**Collected data**
---
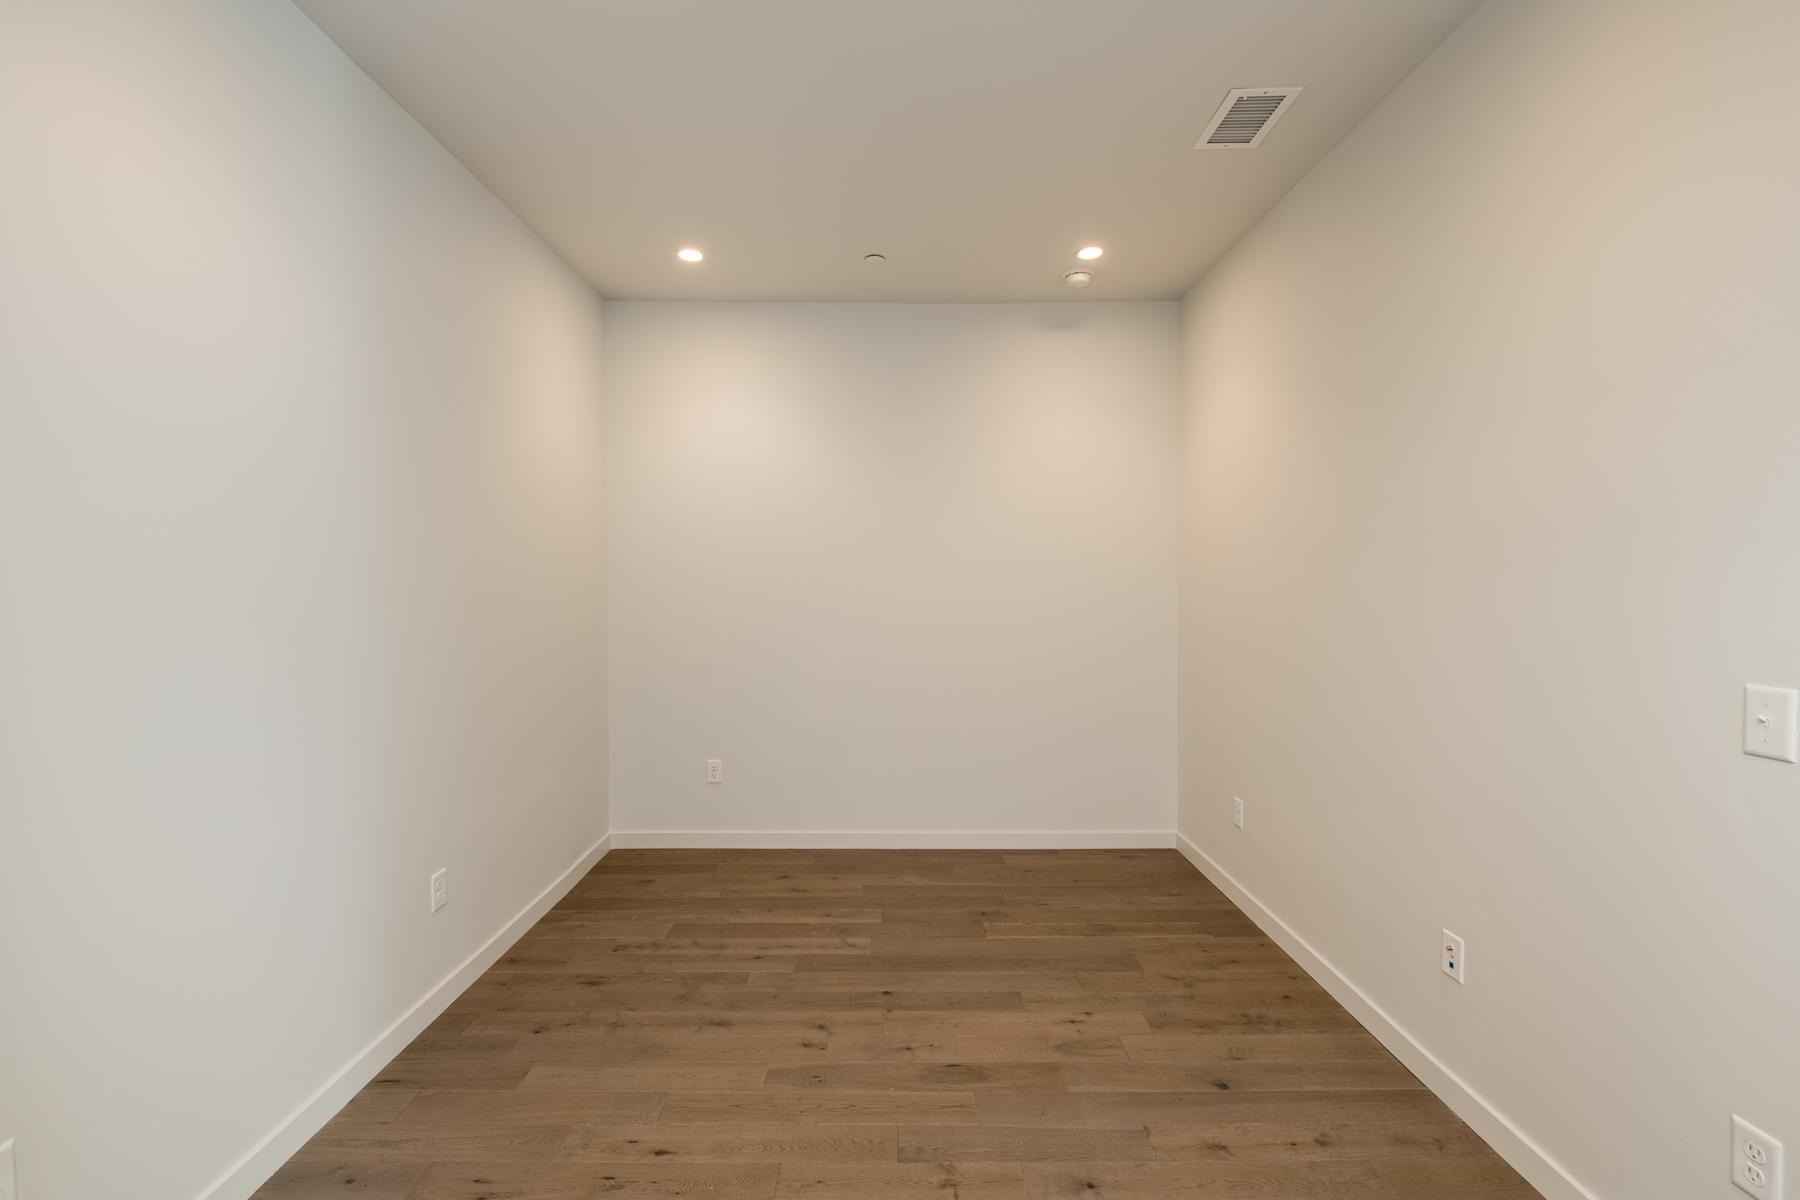 Additional photo for property listing at Ogden Flats 1300 North Ogden Street #305 Denver, Colorado 80218 Estados Unidos
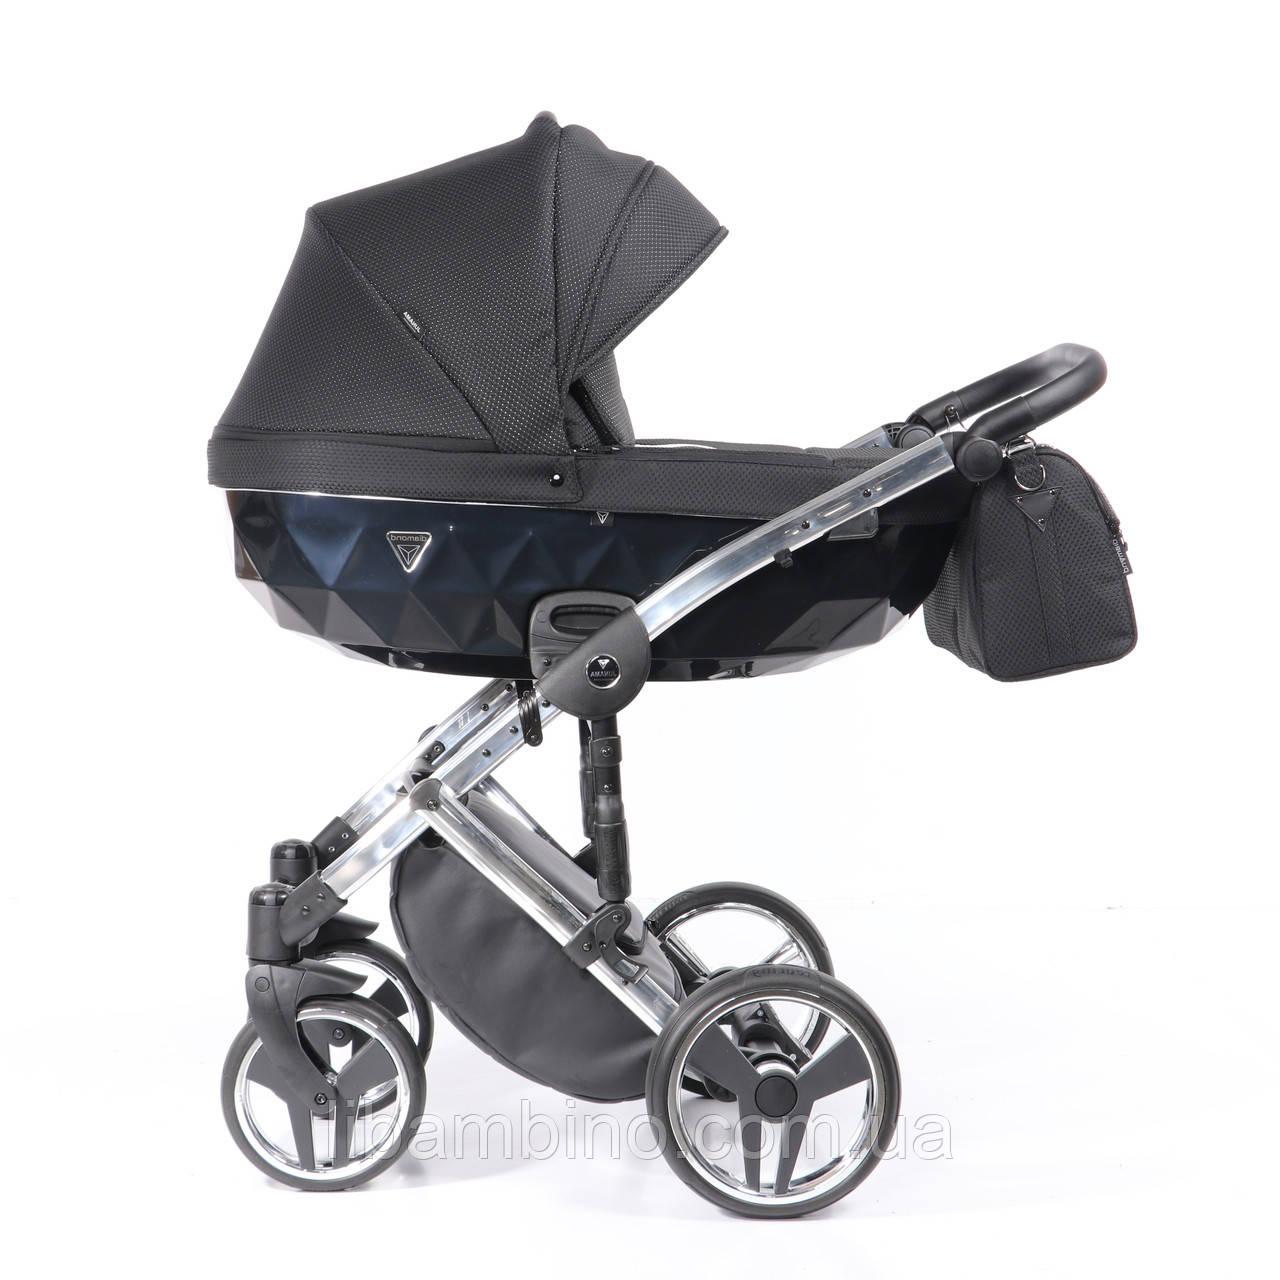 Дитяча універсальна коляска 2 в 1 Junama Onyx 01
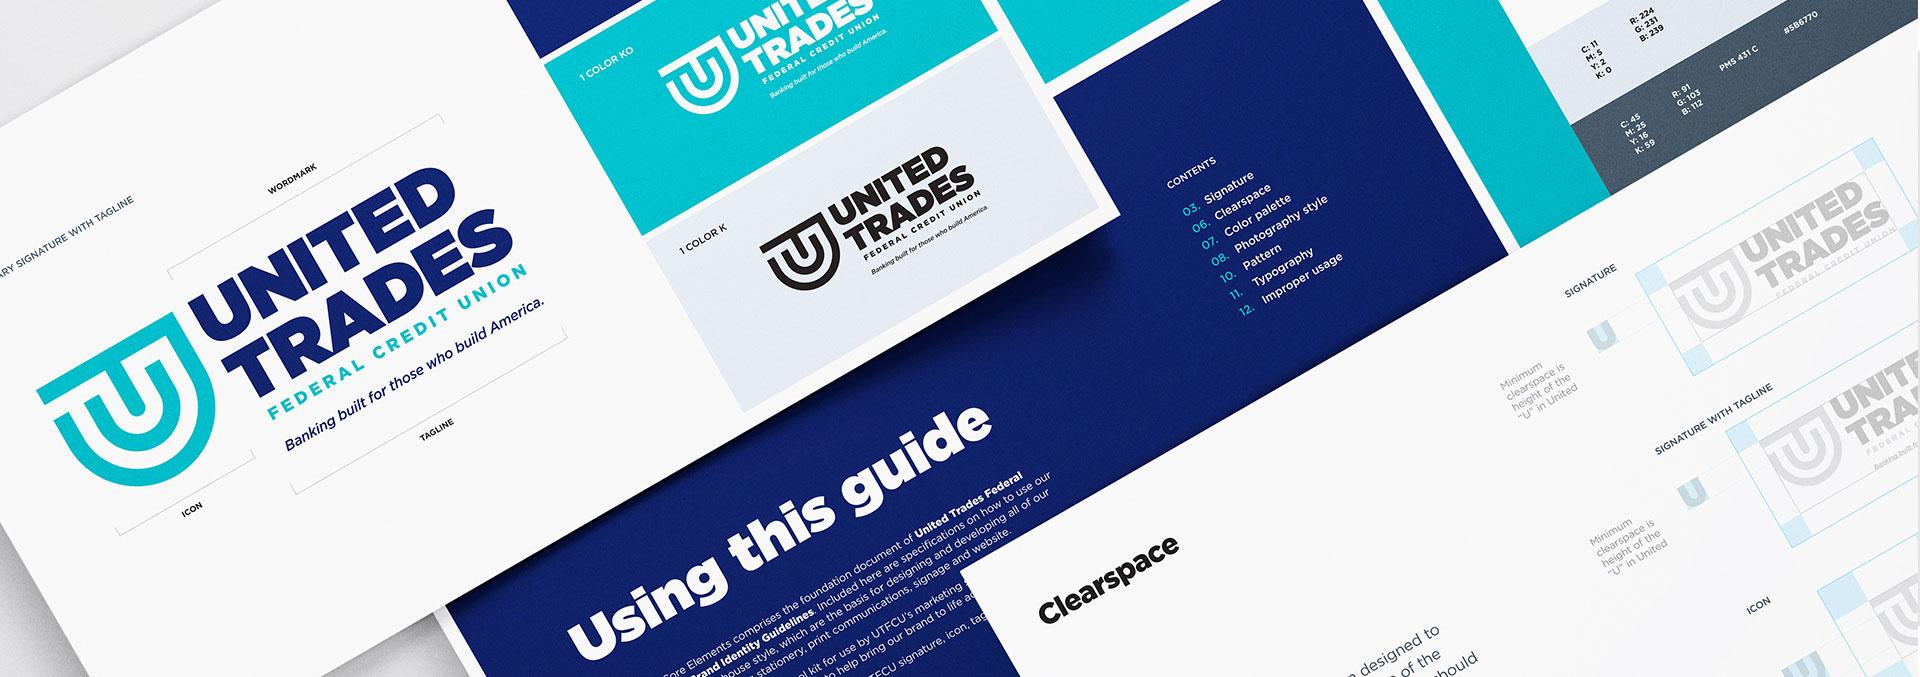 United Trades Federal Credit Union Rebranding by Austin Williams a New York Digital Marketing Agency
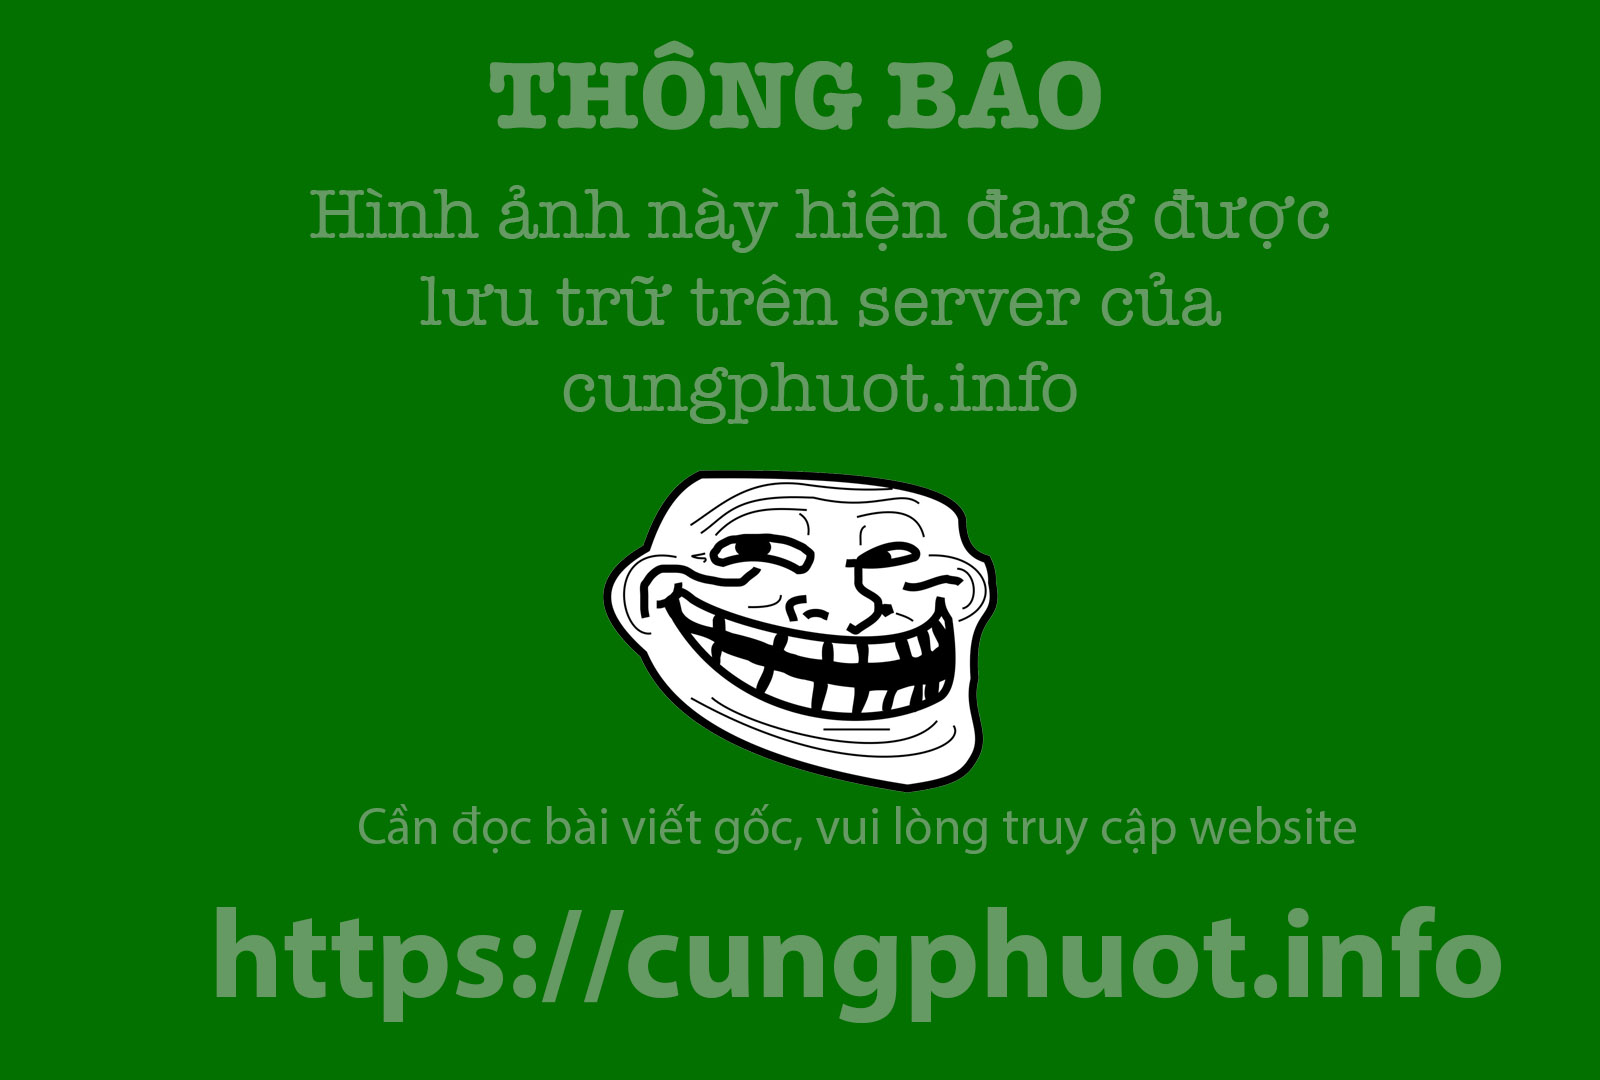 Dan phuot me man ve dep ky vi cua hang Prai o Quang Tri hinh anh 13
---
**How to complete this task**
Output exactly, and with no pictures, the lines from the line that holds "Дитяча універсальна коляска" through the last line of the listing above.

**Your solution**
 Дитяча універсальна коляска 2 в 1 Junama Onyx 01
 United Trades Federal Credit Union Rebranding by Austin Williams a New York Digital Marketing Agency
 Dan phuot me man ve dep ky vi cua hang Prai o Quang Tri hinh anh 13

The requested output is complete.